As massage practitioners we may be asked to treat vulnerable adults. When we are treating a child we can simply state in our own Safeguarding policies that a parent or carer must be present for the treatment, this both reassures the child and gives protection for both the child and the massage practitioner. When it comes to treating an adult in residential care the family may not always be around and staff may be too busy with other residents to be present. This can give rise to some questions around Safeguarding.

In referring to a vulnerable adult here I am talking about an adult who, at that time, is not able to express their own views. This may be a long term, permanent condition, perhaps a brain injury at birth that has had a profound effect on the individual or, for example, someone who has had a stroke which has left them unable to speak for themselves at this moment in time – a situation which may or may not change.

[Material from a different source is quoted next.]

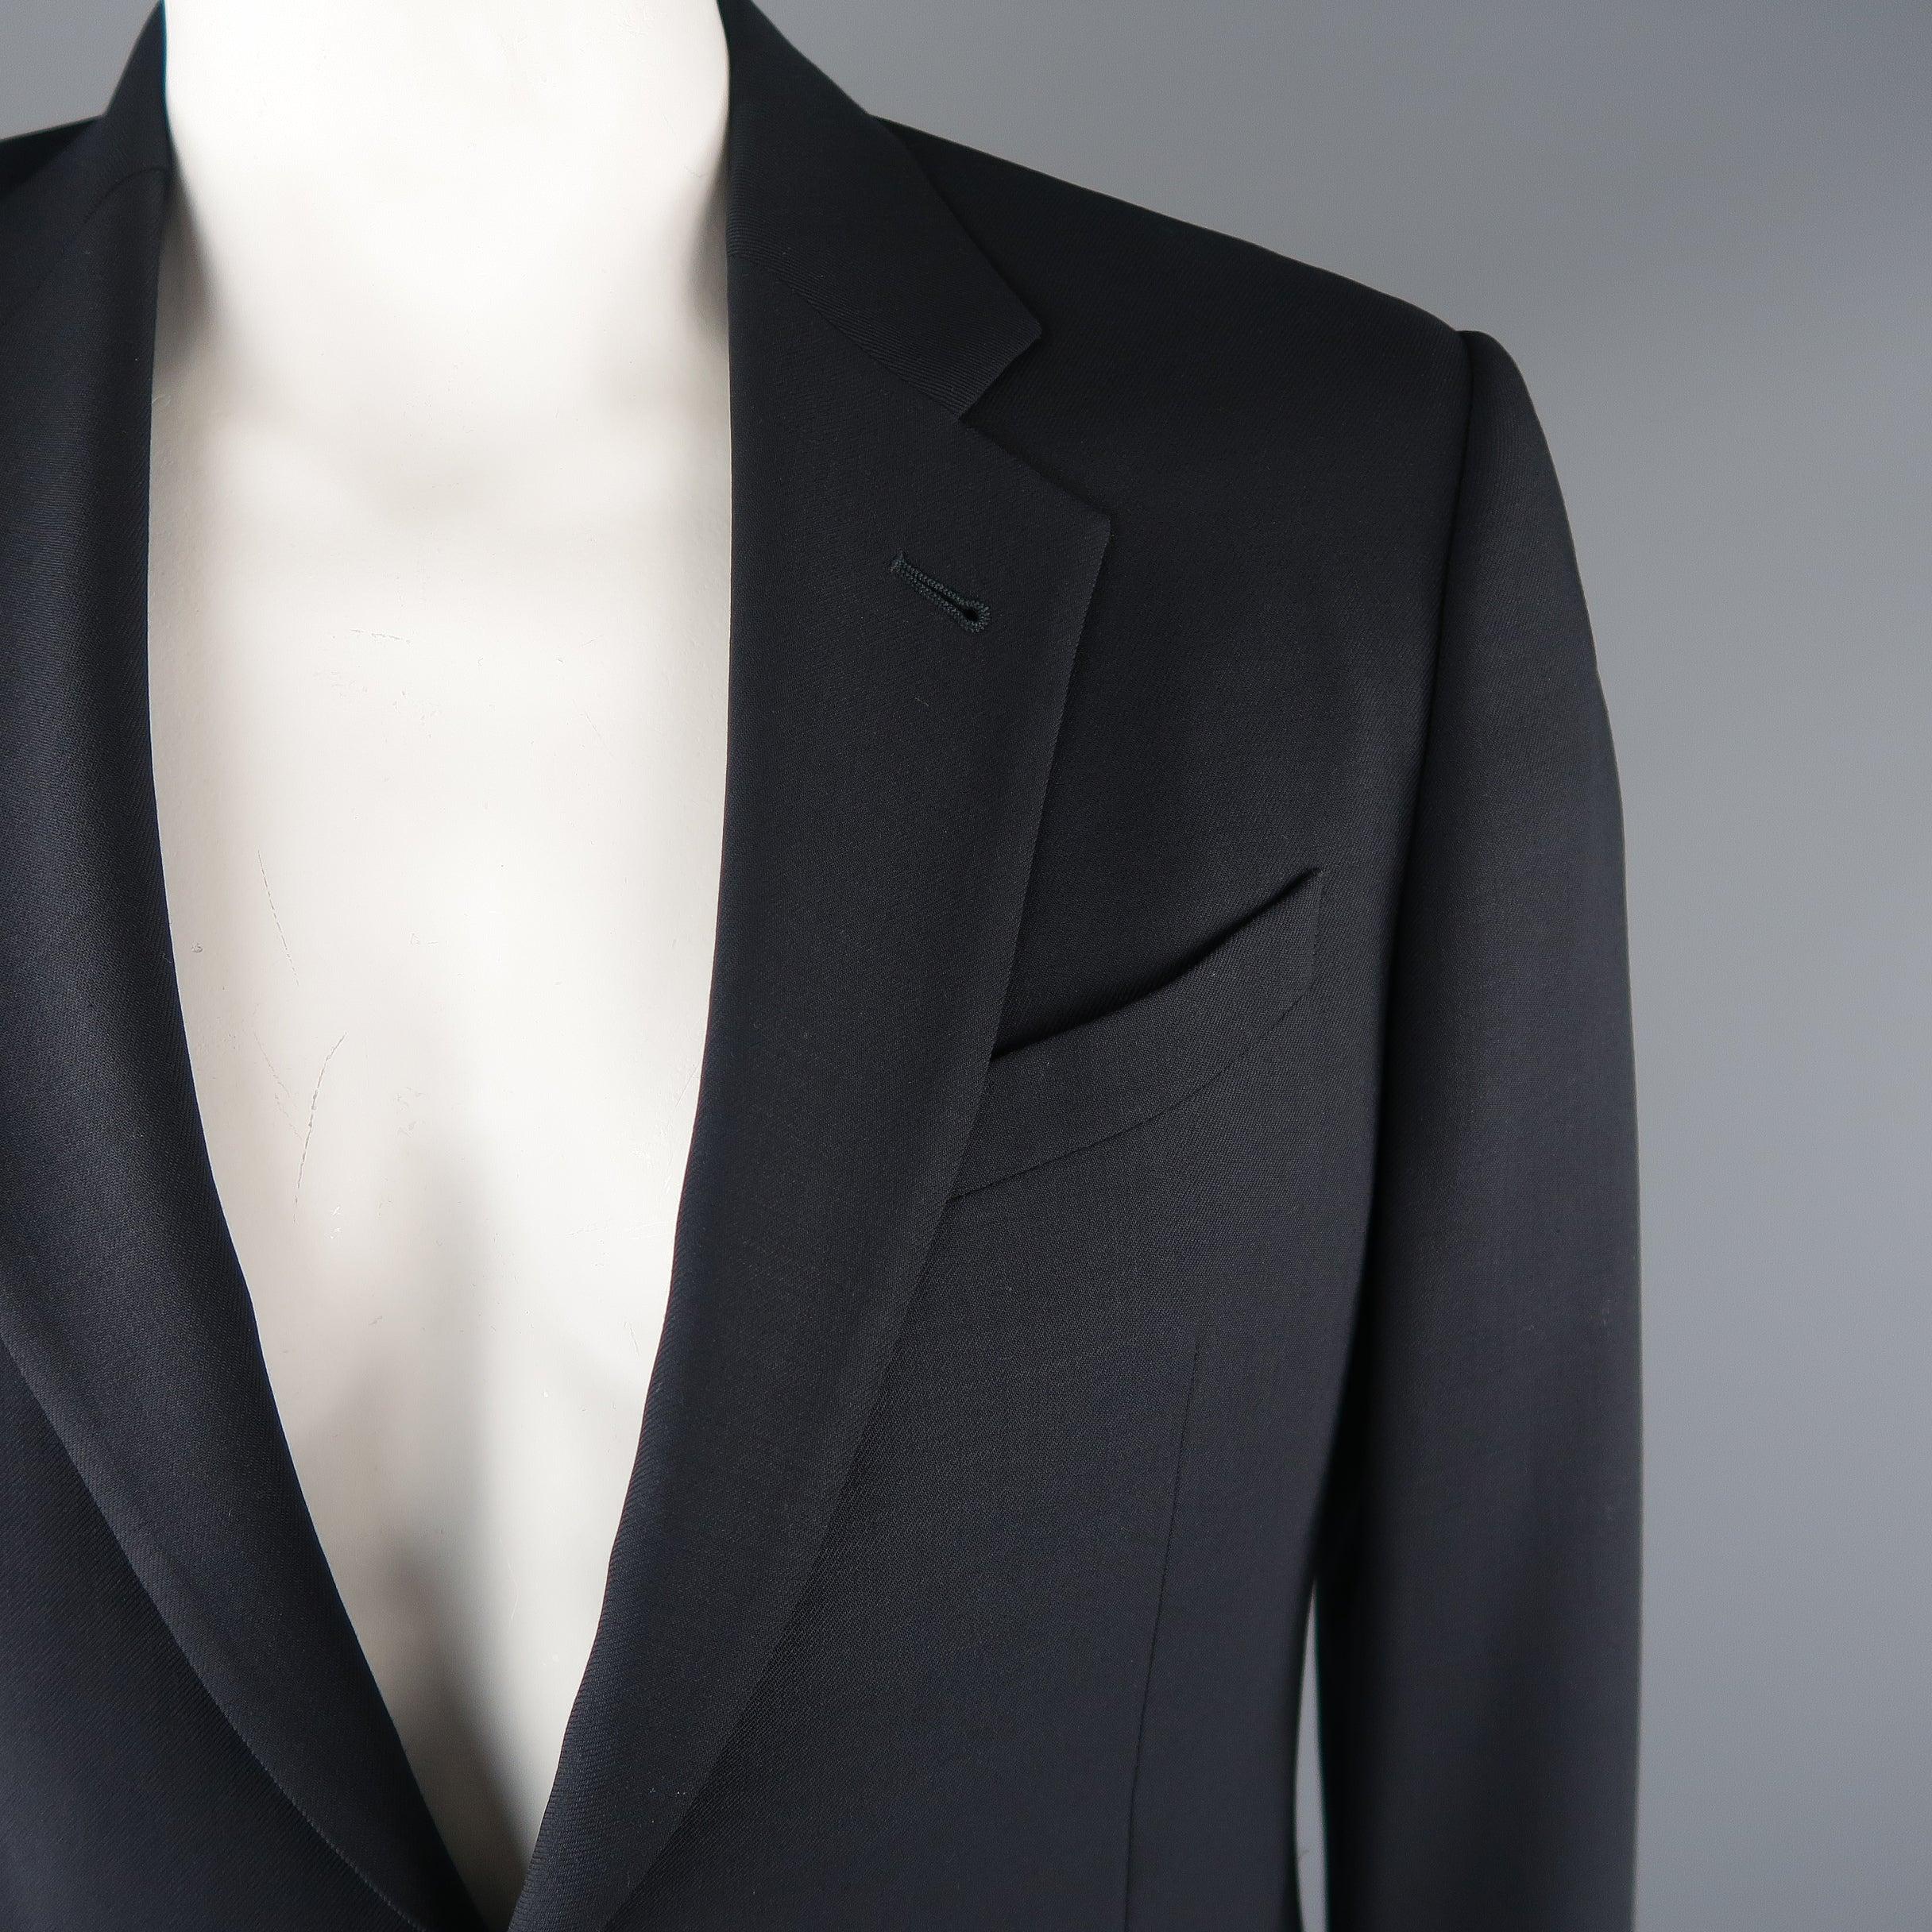 ARMANI COLLEZIONI 42 Regular Navy Solid Wool Blazer / Sport Coat In Excellent Condition For Sale In San Francisco, CA

The practitioner is then left with a bit of dilemma, to treat or not to treat. The benefits of massage can be so great for the individual in terms of pain reduction, increased movement and rehabilitation that I have usually chosen to treat but have put in place a variation of the client consent form for when the client cannot consent to treatment themselves.

This form includes:

  • The usual client detail: personal details such as name and age
  • Contact details: for the person who is their next of kin or who has power of attorney as well as for the residential home the client is living in
  • Medical history: this will include medical consent to massage where appropriate for the condition
  • My Safeguarding policy: This will include that I have full, enhanced DBS clearance, that I always adhere to strict and full professional client draping, that I will sign in and out of the home so that there is a full record of my visit, that I will work with the door ajar so that members of staff are free to ‘check in’ as & when and finally that my client notes will be available to the next of kin / person with power of attorney.
  • I ask that person (the person who is next of kin or who has the power of attorney) to sign on behalf of the client.

This is all reviewed on a regular basis so that should the person recover and be able to consent to treatment themselves, we move to doing that instead. Massage can be such a powerful tool, especially for someone whose medical condition may mean that they are often ‘handled’ rather than ‘touched’, having safeguards in place allows this to take place in a professional environment and at the same time protects both client and practitioner – freeing us to do our job and allowing the client to benefit from this powerful therapy we call massage.